Need I argue the injustice? Can a sentient creature come forth without rights, without claim to well-being, or to consideration from the other creatures whom they find, equally without action of their own, present in space? If one answer, ’For aught I know, it may be so,’—Where then are thy own rights? I ask. If another have none, thine must lie in thy superior power; and will there not one day come a stronger than thou? Mayst thou not one day be in Naboth’s place, with an Ahab getting up to go into thy vineyard to possess it? The rich man may come prowling after thy little ewe lamb, and what wilt thou have to say? He may be the stronger, and thou the weaker! That the rights of the animals are so much less than ours, does not surely argue them the less rights!
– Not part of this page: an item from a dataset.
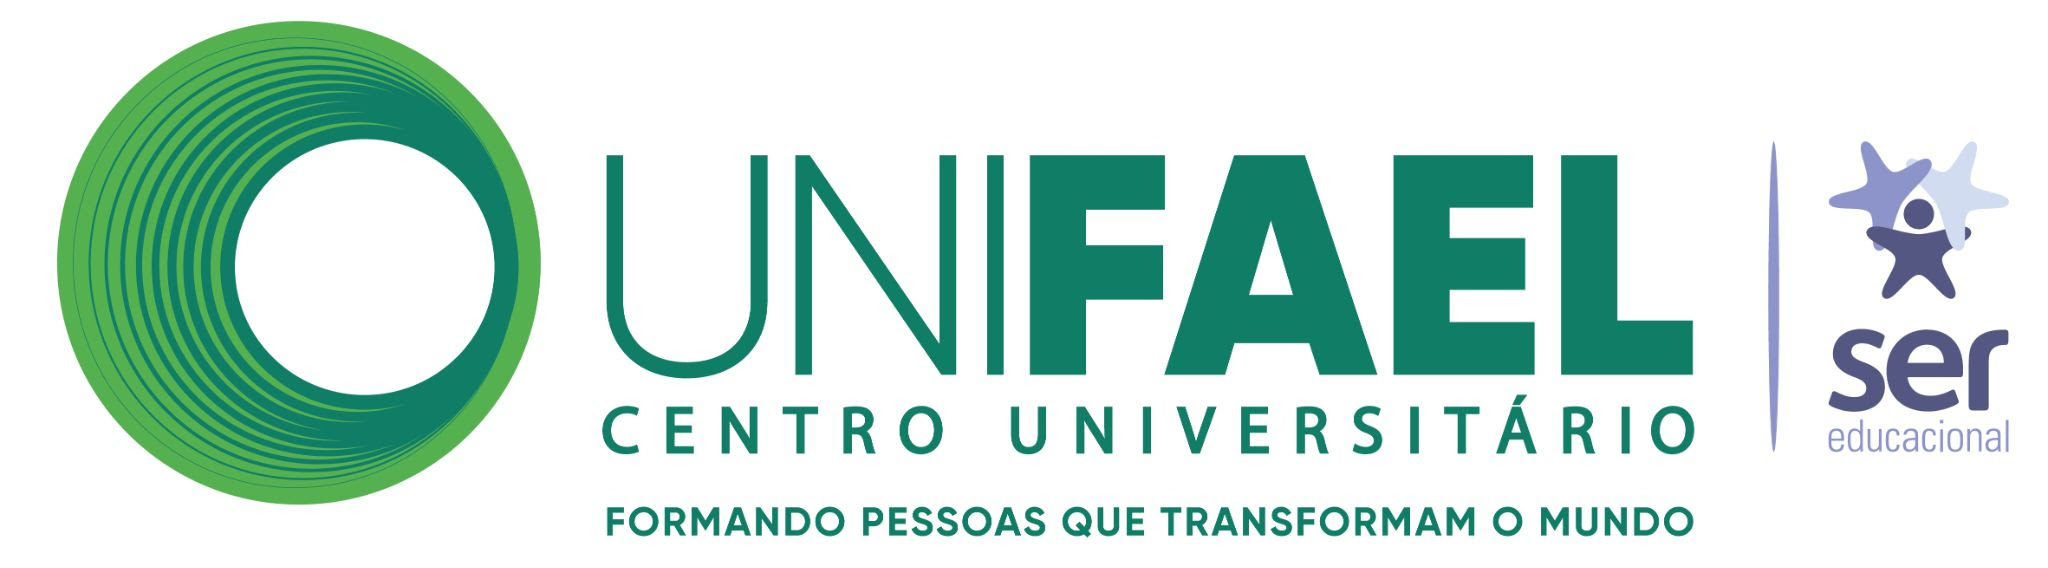 Logo Unifael_Ser Educacional

They have little, and we have much; ought they therefore to have less and we more? Must we not rather be the more honourably anxious that they have their little to the full. Every gain of injustice is a loss to the world; for life consists neither in length of days nor in ease of body. Greed of life and wrong done to secure it, will never work anything but direst loss. As to knowledge, let justice guide thy search and thou wilt know the sooner. Do the will of God, and thou shalt know God, and he will open thine eyes to look into the very heart of knowledge. Force thy violent way, and gain knowledge, to miss truth. Thou mayest wound the heart of God, but thou canst not rend it asunder to find the Truth that sits there enthroned.
What man would he be who accepted the offer to be healed and kept alive by means which necessitated the torture of certain animals? Would he feel himself a gentleman—walking the earth with the sense that his life and conscious well-being were informed and upheld by the agonies of other lives?